Supplied information Start Marker

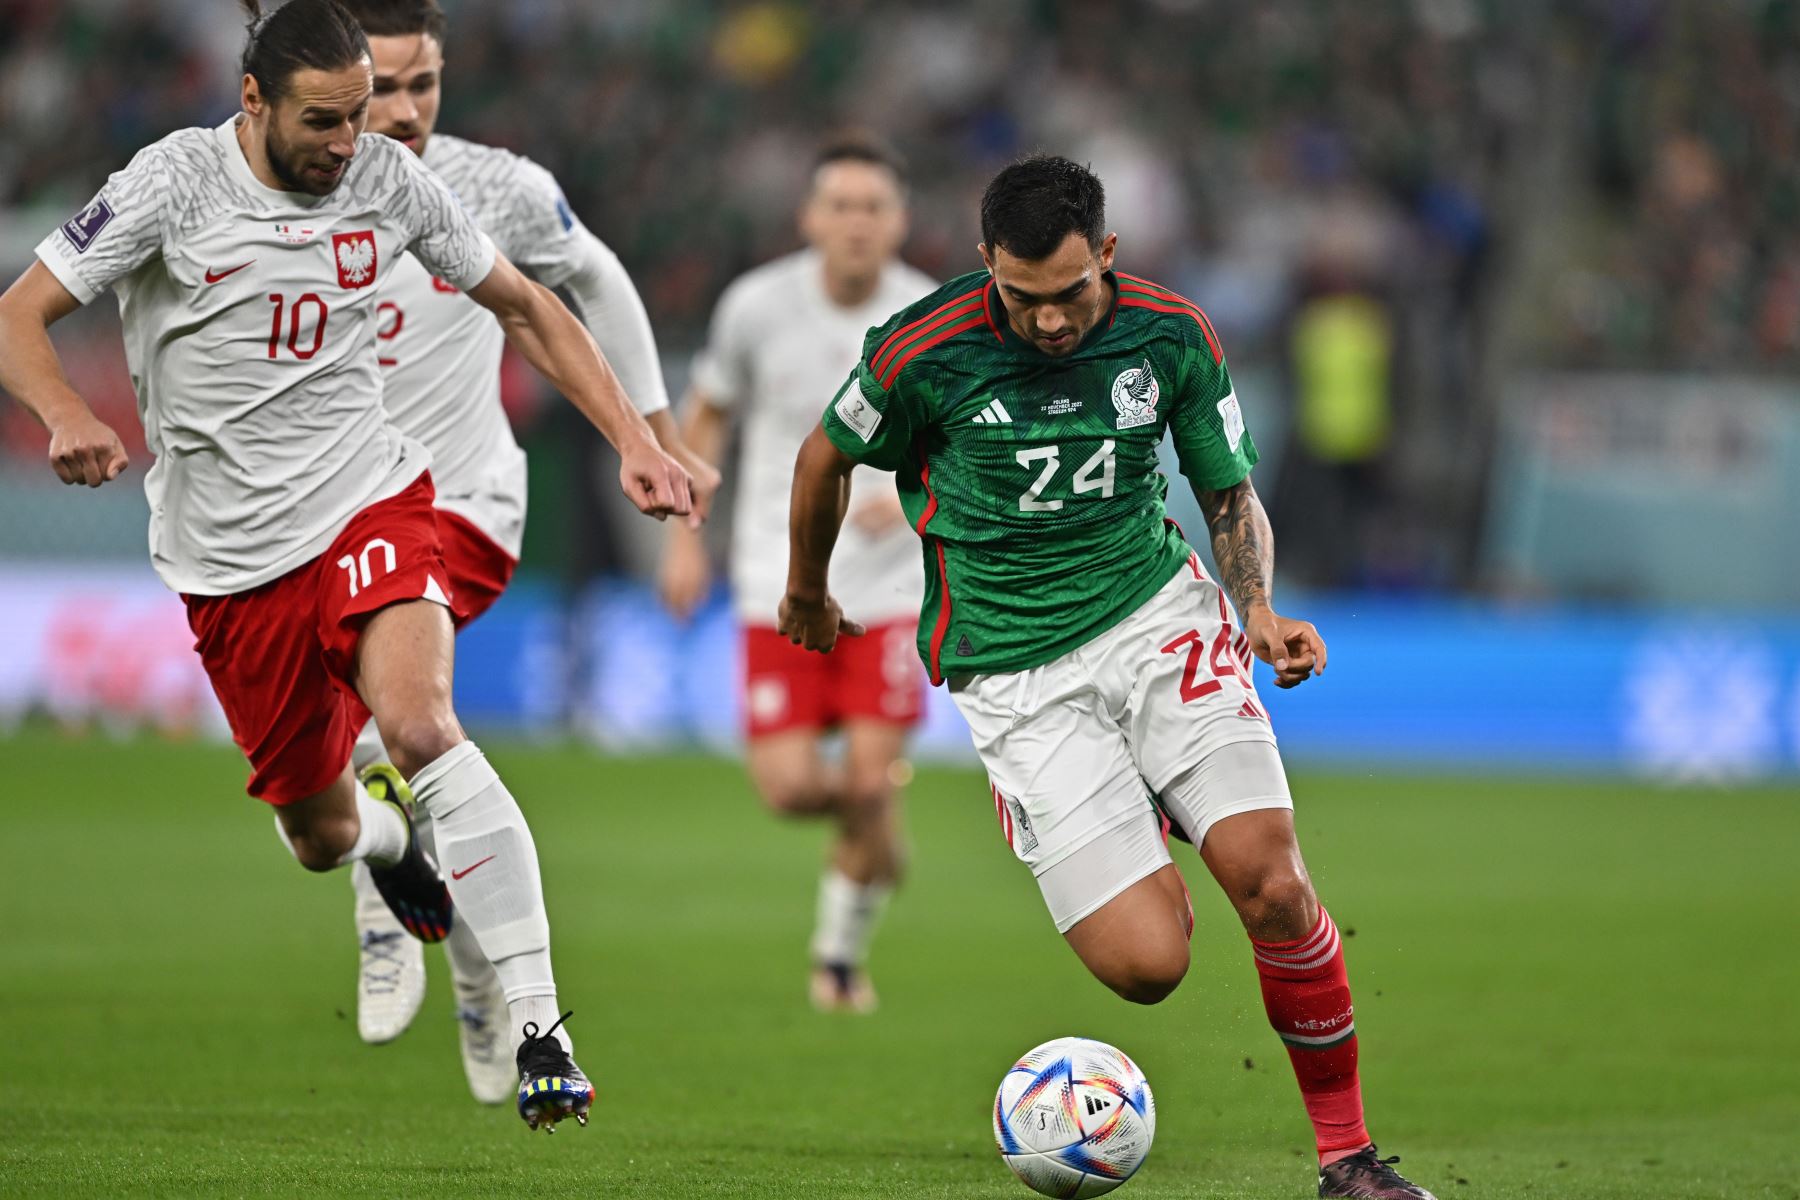 Luis Chávez de México en acción contra Grzegorz Krychowiak de Polonia durante el partido de fútbol del grupo C de la Copa Mundial de la FIFA 2022 entre México y Polonia en el Estadio 947 en Doha, Catar, el 22 de noviembre 2022.
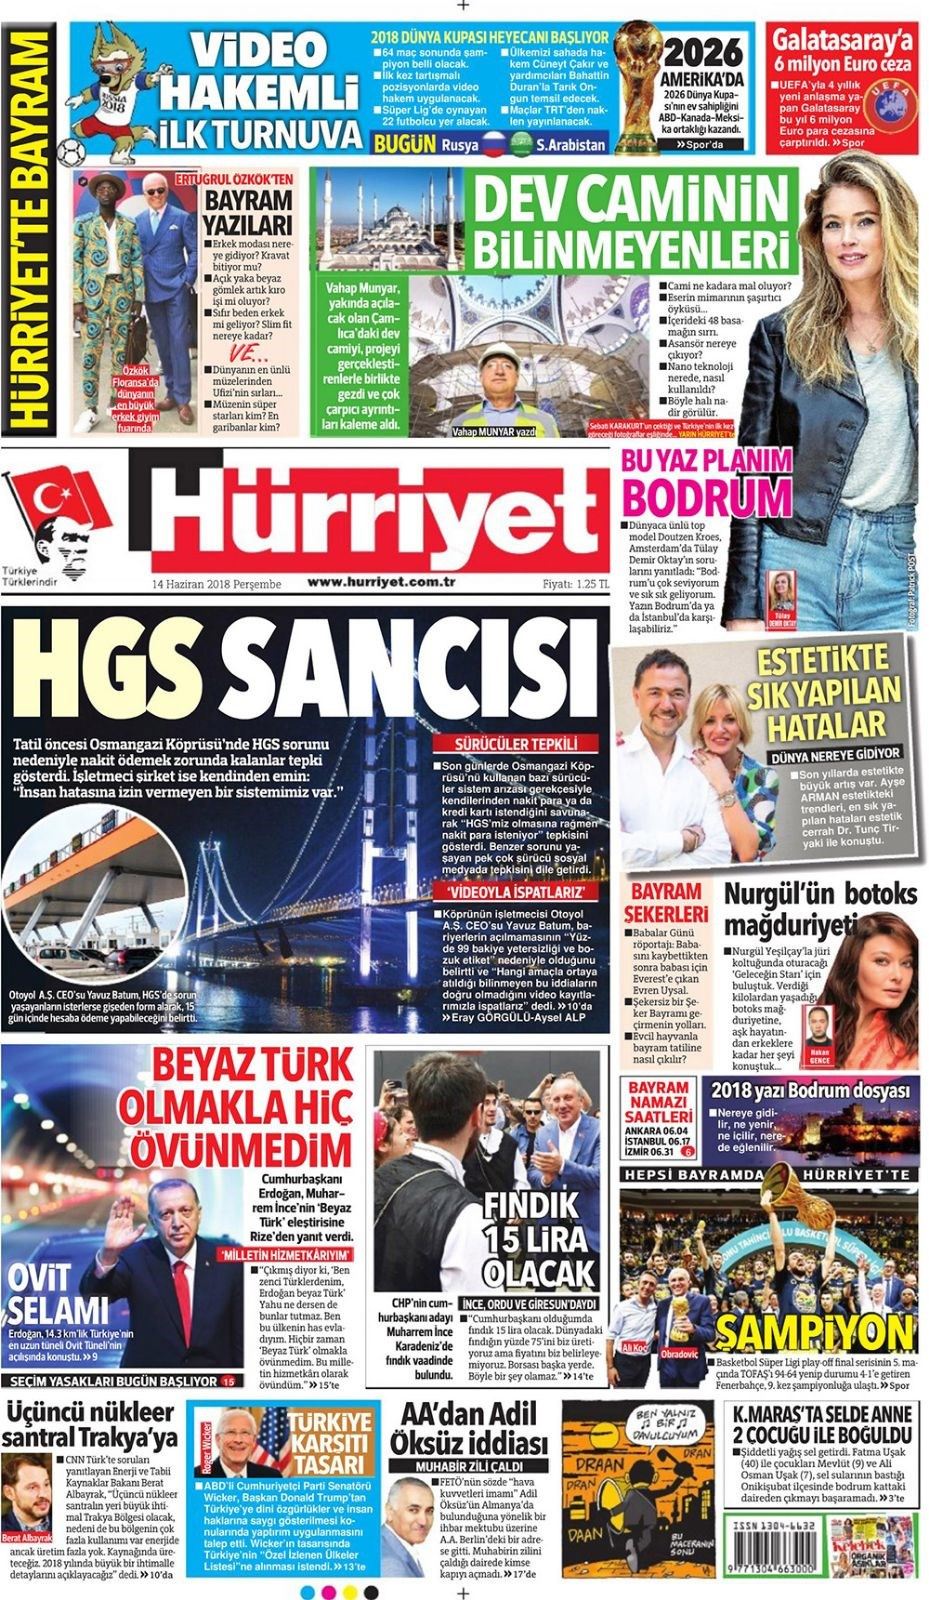 Gazete manşetleri 14 Haziran 2018 Hürriyet - Sözcü - Habertürk
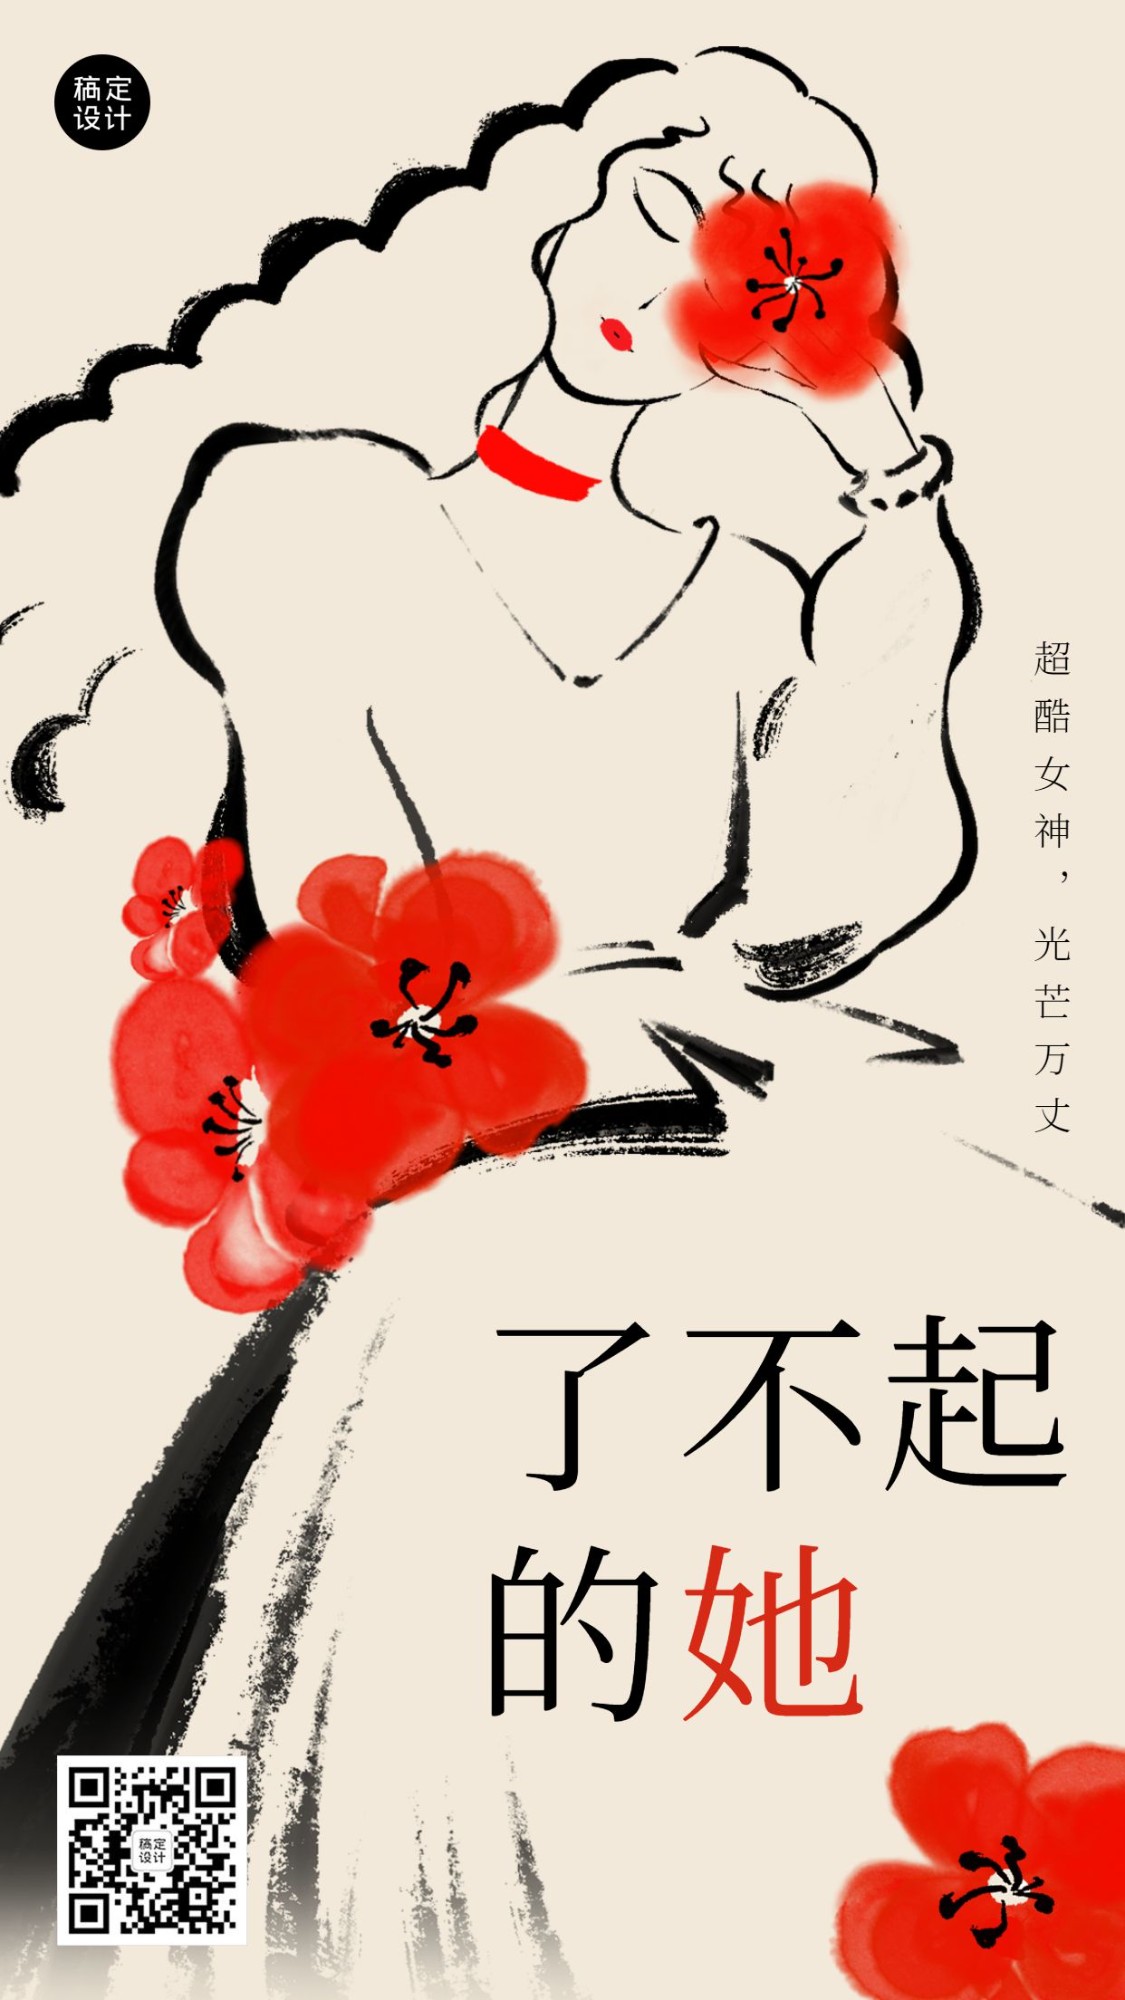 妇女节节日祝福干油墨插画手机海报

Supplied information End Marker

— What you should do —
What is needed is the data above, retyped exactly, with every picture left out.

— The answer —
 Luis Chávez de México en acción contra Grzegorz Krychowiak de Polonia durante el partido de fútbol del grupo C de la Copa Mundial de la FIFA 2022 entre México y Polonia en el Estadio 947 en Doha, Catar, el 22 de noviembre 2022.
 Gazete manşetleri 14 Haziran 2018 Hürriyet - Sözcü - Habertürk
 妇女节节日祝福干油墨插画手机海报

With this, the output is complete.